Legal Widow

We got an exciting letter the other day from one of the Lawyer’s old firms, inviting him to a reunion of past employees. Like a school reunion, said the Lawyer, except without any surprises, as it’s fairly certain that if you were doing commercial property back in 1985, you’ll still be doing it now, but with less hair (and that holds good if you’re a female lawyer). And your kids will just be older.

“They’ll be at work, Dad, if they were kids in 1985,” Subjudice pointed out. This made the Lawyer feel so old he had to go out and play a hearty round of golf before recovering enough to look at the letter again. I could tell he wasn’t keen.

“It’s all so… perky,” he said. “Why do I want to see these people again? I mean, I left, didn’t I? What bit about ‘I’m leaving for a better life’ didn’t I make clear?”

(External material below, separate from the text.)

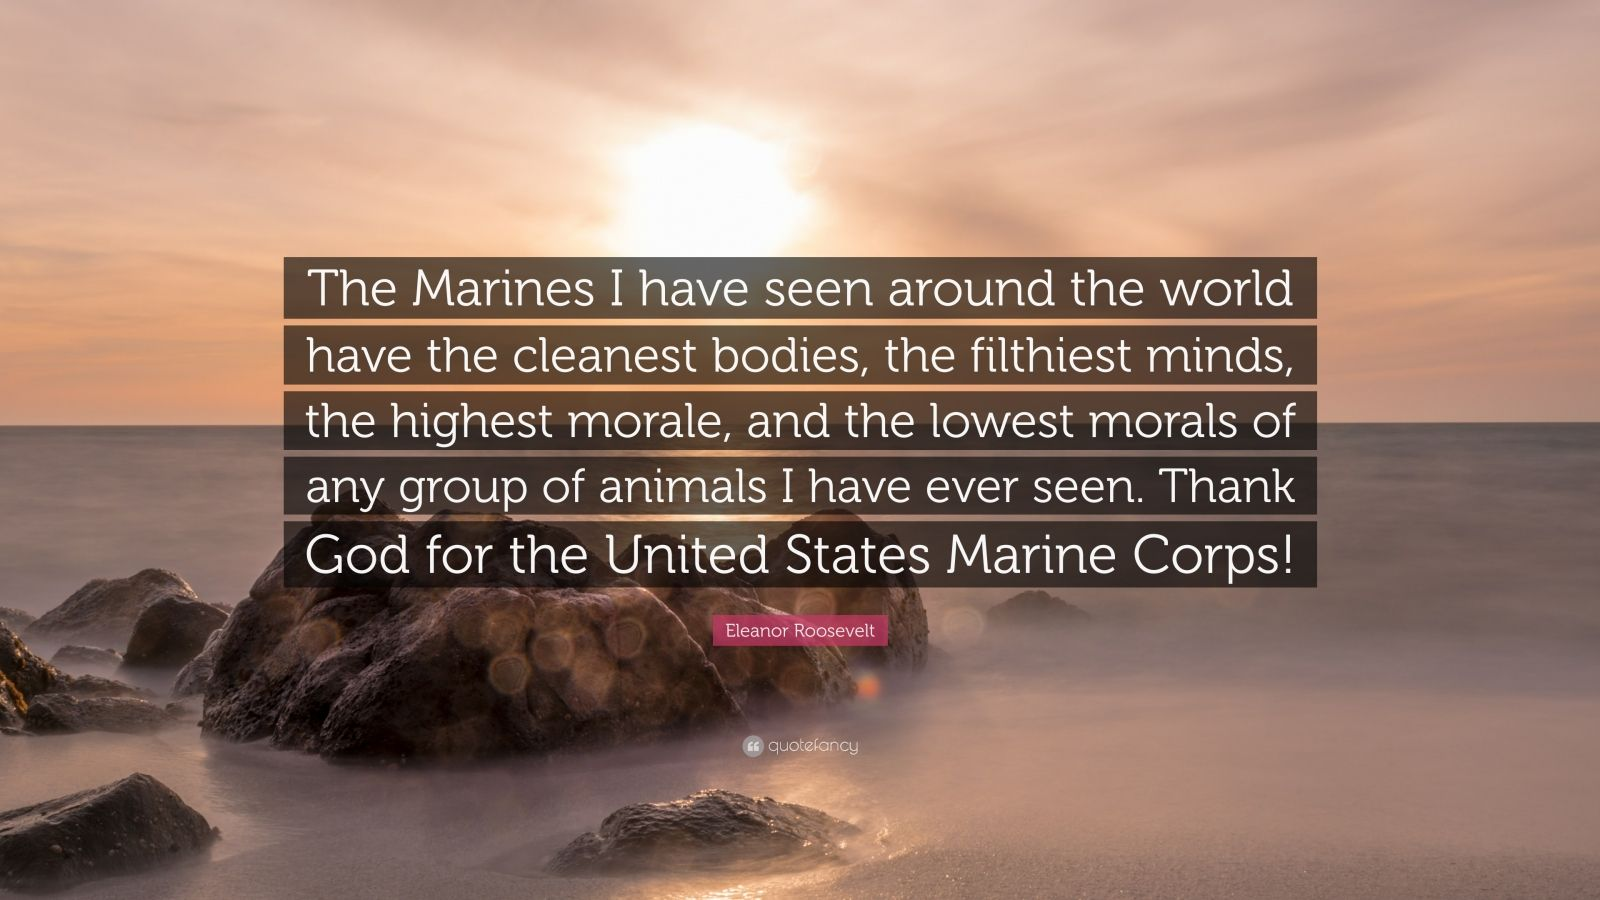 Eleanor Roosevelt Quotes Marines | Eleanor Roosevelt Marine Quote

I said he shouldn’t sneer, as we’re all desperately looking for a community nowadays, and the success of The Office shows that the office is where most of our life actually happens, and that this was a warm gesture reaching out to people to remind them of good times in their past.

Yes, he said, but that suggests that the office is actually fun, and he didn’t remember too many games of wastepaper bin stilt-walking or directors’ chair derby going on. “Most office friendships are based on having grievances in common,” he said. “Like sharing a secretary, or the rubbish boss, or having no car parking space.” I said he had a nasty, suspicious lawyer’s mind, and Deminimus asked if lawyers actually knew how to have fun, which sent him off into another slough of despond.

Look at Liability, I said. She got 40 Christmas cards last year, and she’s only seven (which means that I’ve got another few years of writing out 40 cards in return, curse it), and if she keeps in touch with only 10 per cent of her classmates and ballet class buddies, she’s got four friends for life already.

“You won’t see me for dust once I leave school,” said Subjudice darkly, and went off to read The Great Gatsby.

“Lawyers have got to work harder at having friends, anyway,” said Deminimus. “I read that they’re some of the least-connected people in business. Party organisers and band managers know the most people, except the band managers can never find their telephone numbers, and teachers come next, but only because they know so many children so they’re always bumping into people they know at Sainsbury’s.”

Silence followed. “Are lawyers made to have friends, Daddy?” asked Liability, and the Lawyer groaned and ran off. I found him scanning the website of his old firm, where no mention was made of the alumni project. “What if it’s a hoax? What if I turn up and there’s no one else there and everyone laughs at me?” Good grief, it must be awful being a lawyer, if that’s the way they think. “Ring some old colleagues,” I said. “See if they have such a jaundiced view of the past as you.”

So he did – and was on the phone for hours. “It’s going to be great,” he said. “All the guys from the old days are going.” The way that lawyers circulate professionally, even with their pathological aversion to change, a gathering like this will be like meeting everyone he’s ever worked with. All at once. Just think of all the things they’ll have to complain about.